And I hope -- I hope -- John McCain is a strong enough leader to tell at least his vice presidential candidate to knock it off.
WALLACE: Senator McCaskill, let's talk about tax plans. The McCain campaign is running a new ad on the Obama tax plan. Let's take a look at that.
(BEGIN VIDEO CLIP)
NARRATOR: Who is Barack Obama?
OBAMA: I'm a tax cutter.
NARRATOR: Really? Senator Obama voted 94 times for higher taxes -- 94 times. He's not truthful on taxes.
(END VIDEO CLIP)
WALLACE: Senator McCaskill, I know the Obama camp flatly denies that figure, but when you combined Obama's proposed hikes in the income tax and the payroll tax, IRS figures show that two-thirds of all small business income would, in fact, be subject to higher taxes under Obama's tax plan.
MCCASKILL: Chris, 95 percent of small businessmen in this country make less than $250,000 a year.
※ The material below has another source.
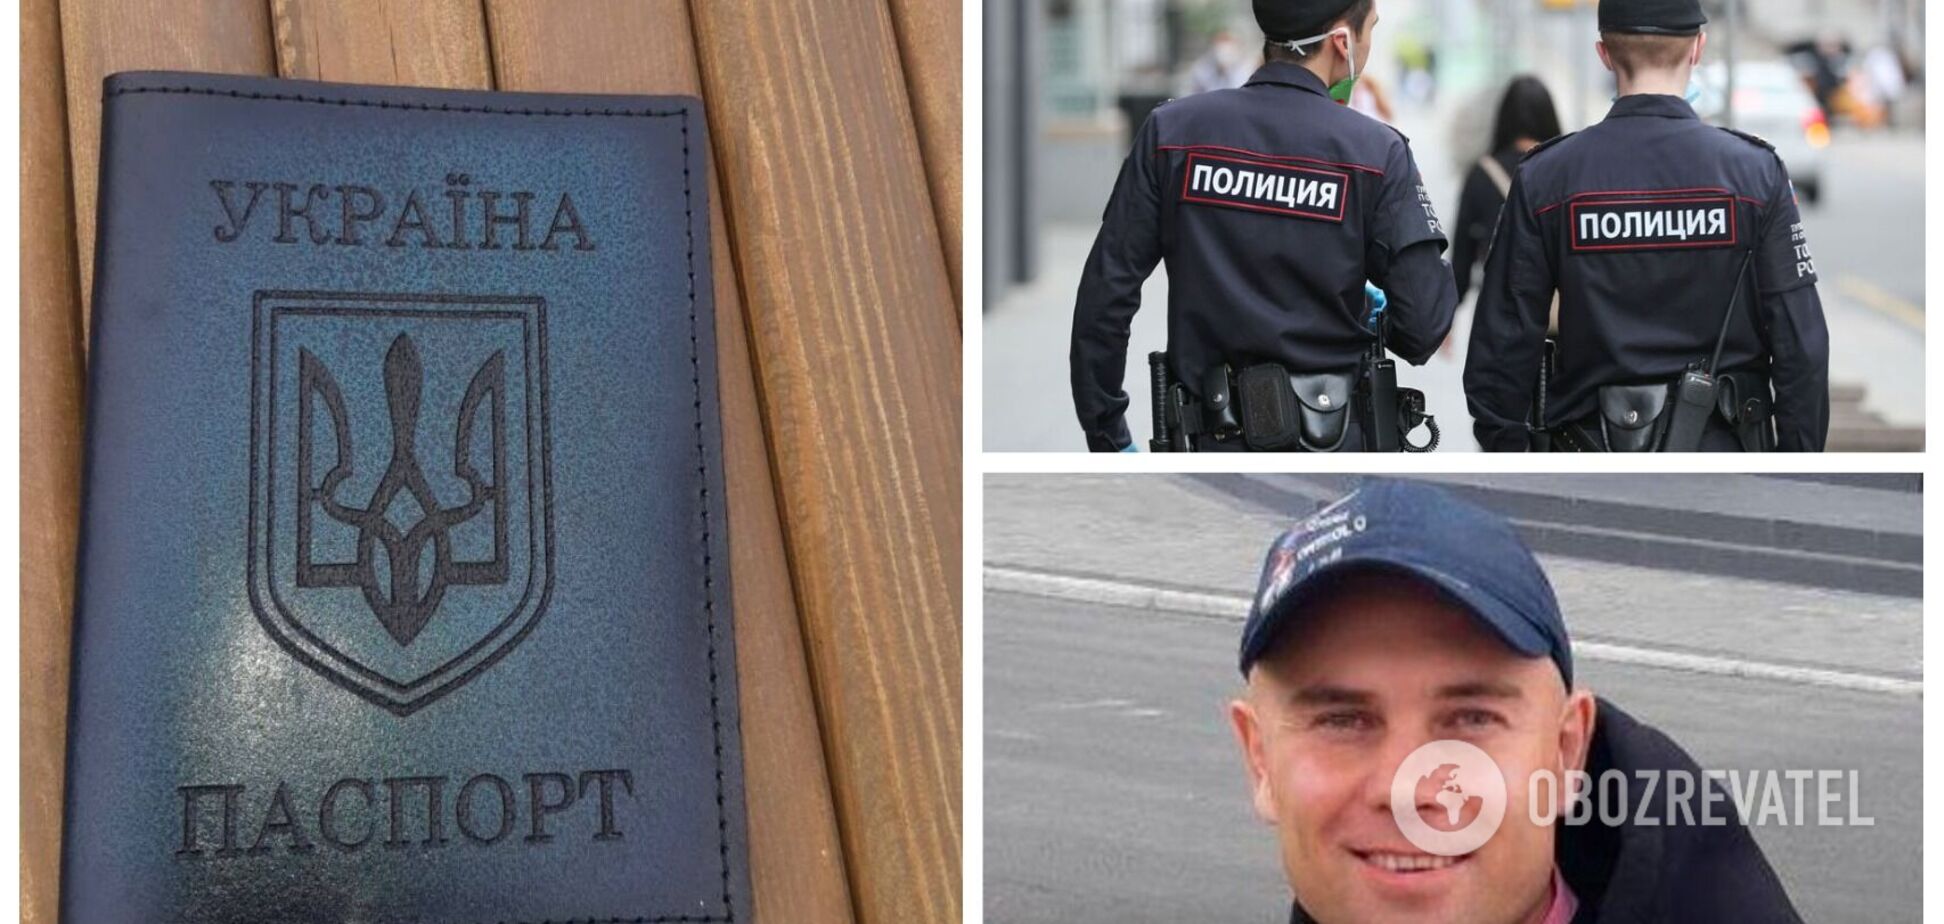 В РФ полицейские избили инвалида из-за обложки паспорта с гербом Украины: обвинили в дискредитации армии. Фото

That is, in fact, the facts. And the bottom line is if you make less than $250,000 a year, you're not going to see one thin dime of any kind of tax increase under Barack Obama's plan.
WALLACE: But would you deny, Senator McCaskill, that two-thirds of all business income -- I'm not talking about the number of businessmen. I'm talking about the income that they get. Two-thirds of their income would be subject to higher taxes under the Obama plan.
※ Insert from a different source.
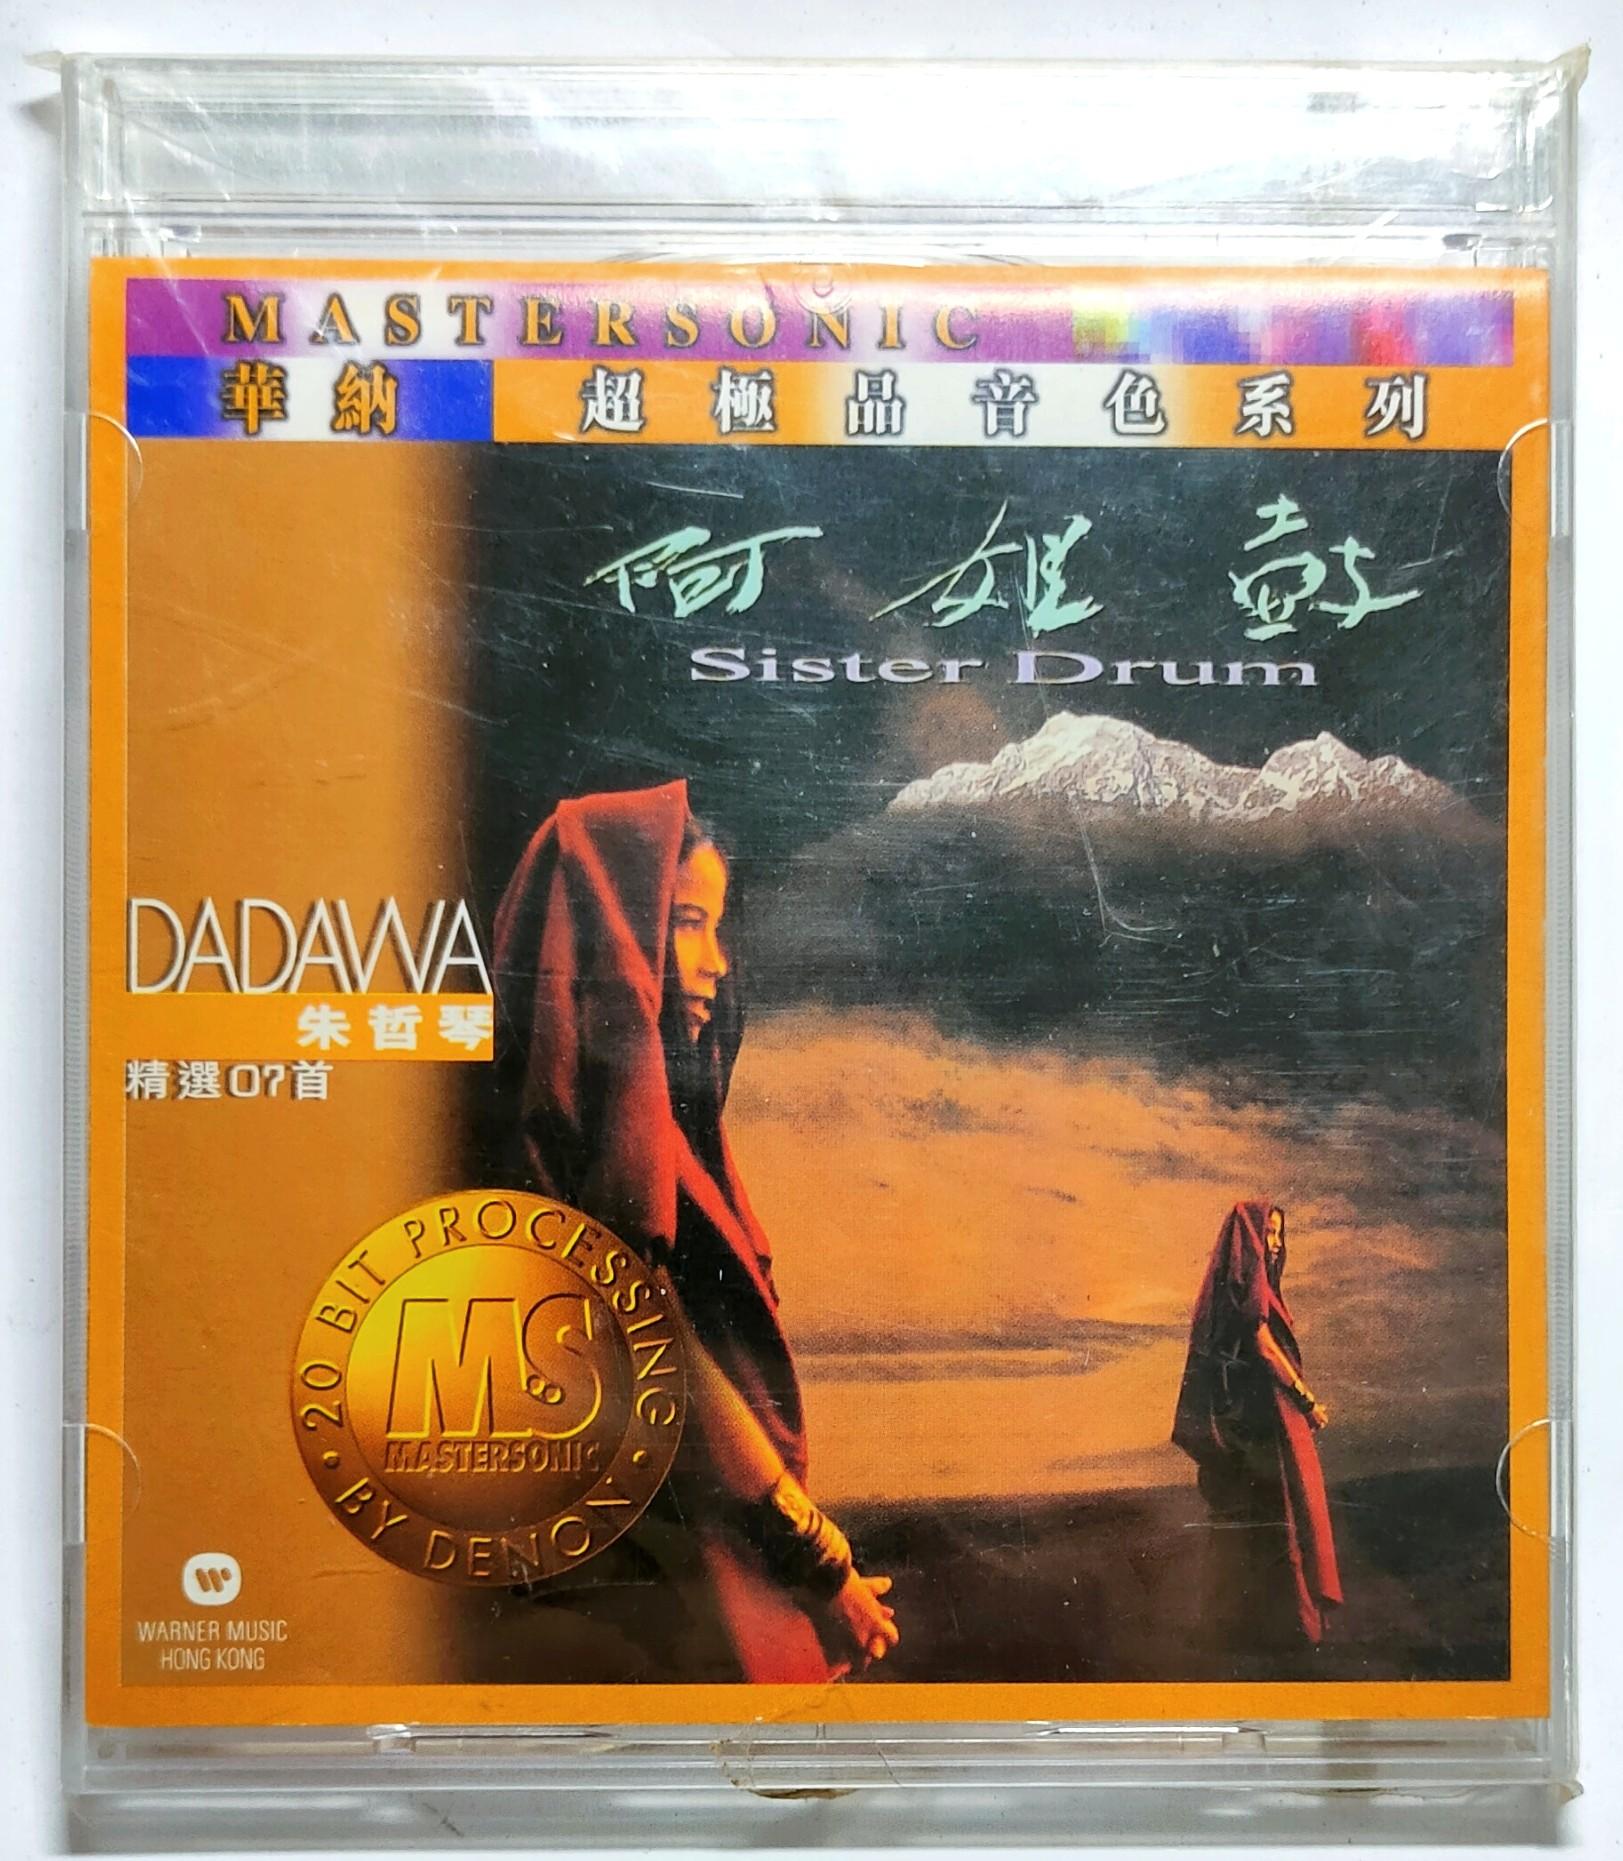 阿姐鼓 Sister Drum (24k金碟/日本天龙制造/华纳超极品音色系列) - 朱哲琴 Dadawa (CD, HK, 1997)

MCCASKILL: I guess that's one way of saying that there's a few people making a lot of the money, and that's exactly the differences between these two plans.
Ninety-five percent of small business people make less than $250,000. They're not going to see any tax increase, only those people who make more than $250,000.
And let me say about the ad, that ad is so misleading. And Joe knows it. Those votes were on continuing resolutions. If you use the same marker for John McCain, he has raised taxes over 400 times. It's a way of twisting votes to make the record look misleading to the American people.
The only difference between John McCain and Barack Obama -- they're both cutting taxes. It's just who are they cutting them for, middle America or the same people George Bush cut them for.
WALLACE: Senator McCaskill, let's bring in Senator Lieberman.
You wanted to say something?
LIEBERMAN: Well, I did. I mean, the fact is that -- part of this is whose definition -- the definition of who's rich. A lot of those small business -- that 95 percent of small business people is the number I've got to check, Claire.
But when you raise taxes on small business people -- they create most of the jobs in America. They employ most of the people in America. If you raise their taxes, they're going to cut jobs and people are going to be out of work. That's the last thing you want to do when you go into -- when you're in a recession, as we are now.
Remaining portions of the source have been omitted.